The equator passes through the land of 11 countries. Indonesia is the country straddling the greatest length of the equatorial line across both land and sea. Starting at the Prime Meridian and heading eastwards, the equator passes through: 

Co-ordinates	Country, territory or sea	Notes
0°N 0°E	Atlantic Ocean	Gulf of Guinea, "Null Island"
0°0′N 6°31′E	São Tomé and Príncipe	Passing through Pestana Equador resort on the Ilhéu das Rolas
0°0′N 9°21′E	Gabon	Passing 8.9 km (5.5 mi) south of Ayem, 10.6 km (6.6 mi) north of Mayene, Booue
0°0′N 13°56′E	Republic of the Congo	Passing through the town of Makoua.
0°0′N 17°46′E	Democratic Republic of the Congo	Passing 9 km (5.6 mi) south of central Butembo
0°0′N 29°43′E	Uganda	Passing 32 km (20 mi) south of central Kampala
0°0′N 32°22′E	Lake Victoria	Passing through some islands of  Uganda in Mukono District and Namayingo District
0°0′N 34°0′E	Kenya	Passing 6 km (3.7 mi) north of central Kisumu
0°0′N 41°0′E	Somalia	Passing south of Jamame
0°0′N 42°53′E	Indian Ocean	Passing between Huvadhu Atoll and Fuvahmulah of the  Maldives
0°0′N 98°12′E	Indonesia	North Sumatra (including the Batu Islands) and Lingga Regency, Riau Islands
0°0′N 104°34′E	Karimata Strait
0°0′N 109°9′E	Indonesia	Bornean provinces of West Kalimantan (passing through province capital Pontianak), Central Kalimantan, and East Kalimantan
0°0′N 117°30′E	Makassar Strait
0°0′N 119°40′E	Indonesia	Donggala & Parigi Moutong Regency, Central Sulawesi (Celebes)
0°0′N 120°5′E	Gulf of Tomini
0°0′N 124°0′E	Molucca Sea
0°0′N 127°24′E	Indonesia	Kayoa and Halmahera islands, North Maluku
0°0′N 127°53′E	Halmahera Sea
0°0′N 129°20′E	Indonesia	Gebe and Kawe islands, West Papua
0°0′N 129°21′E	Pacific Ocean	Passing between Aranuka and Nonouti atolls,  Kiribati (at 0°0′N 173°40′E) Passing just south of Baker Island, and just north of Jarvis Island,  United States Minor Outlying Islands
0°0′N 80°6′W	Ecuador	Passing 24 km (15 mi) north of central Quito, near Mitad del Mundo, and precisely at the location of Catequilla, a pre-Columbian ruin. Also, Isabela Island in the Galápagos Islands
0°0′N 75°32′W	Colombia	Passing 4.3 km (2.7 mi) north of the border with Peru
0°0′N 70°3′W	Brazil	Amazonas, Roraima, Pará, Amapá (passing slightly south of the city center of the state capital Macapá, and precisely at the Marco Zero monument and the Avenue Equatorial)
0°0′N 49°21′W	Atlantic Ocean	At the Perigoso Canal (sv) on the mouth of the Amazon River

Despite its name, no part of Equatorial Guinea lies on the equator. However, its island of Annobón is 155 km (96 mi) south of the equator, and the rest of the country lies to the north.

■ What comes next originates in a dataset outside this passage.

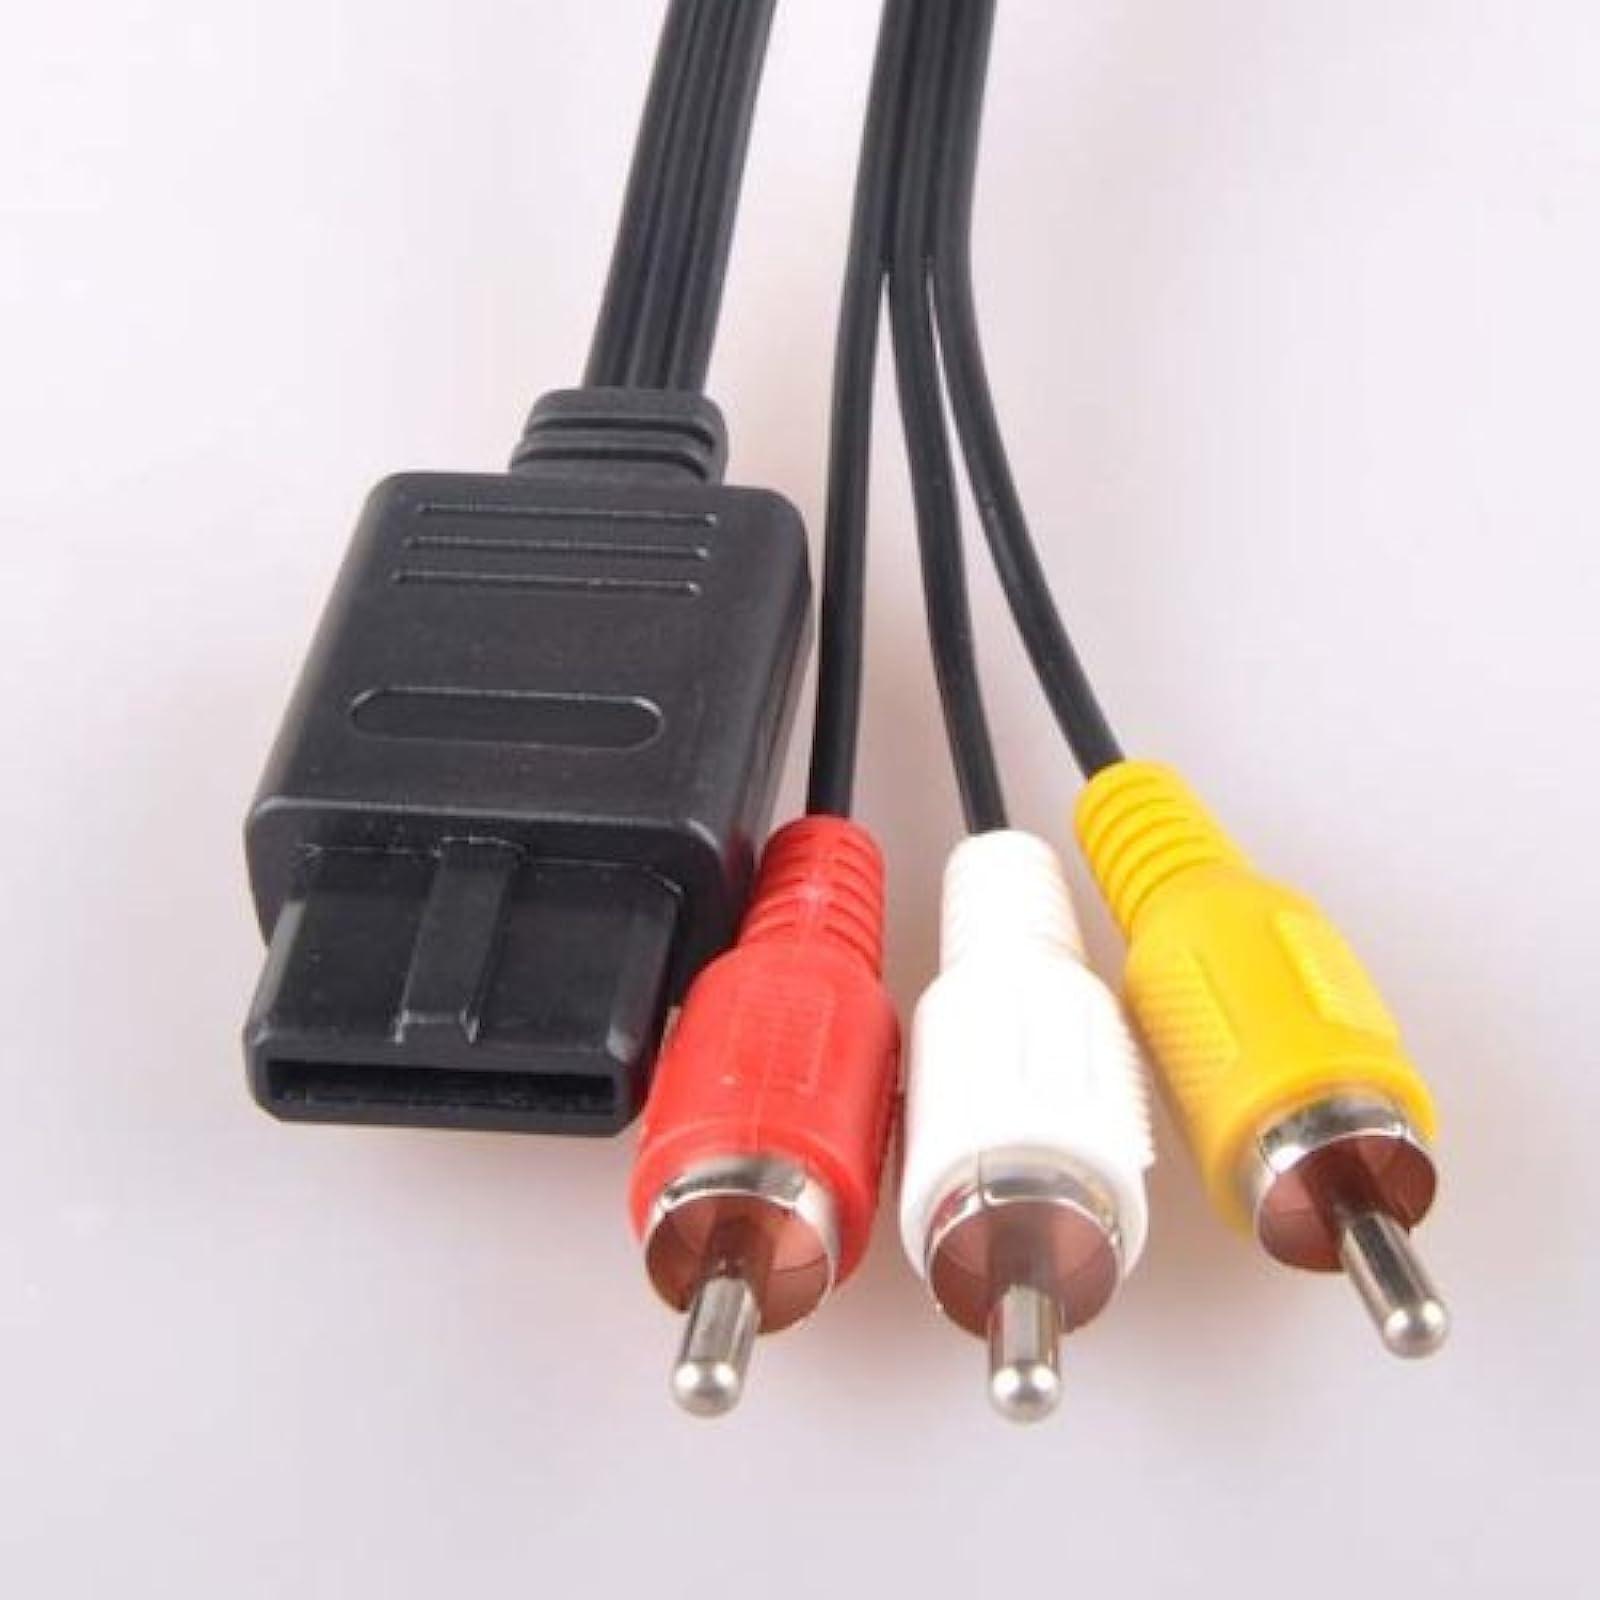 AV Cable For Nintendo GameCube SNES GC N64 Cord

Equatorial seasons and climate

Diagram of the seasons, depicting the situation at the December solstice. Regardless of the time of day (i.e. the Earth's rotation on its axis), the North Pole will be dark, and the South Pole will be illuminated; see also arctic winter. In addition to the density of incident light, the dissipation of light in the atmosphere is greater when it falls at a shallow angle.

 

Seasons result from the tilt of the Earth's axis compared to the plane of its revolution around the Sun. Throughout the year the northern and southern hemispheres are alternately turned either toward or away from the sun depending on Earth's position in its orbit. The hemisphere turned toward the sun receives more sunlight and is in summer, while the other hemisphere receives less sun and is in winter.

At the equinoxes, the Earth's axis is perpendicular to the sun rather than tilted toward or away, meaning that day and night are both about 12 hours long across the whole of the Earth.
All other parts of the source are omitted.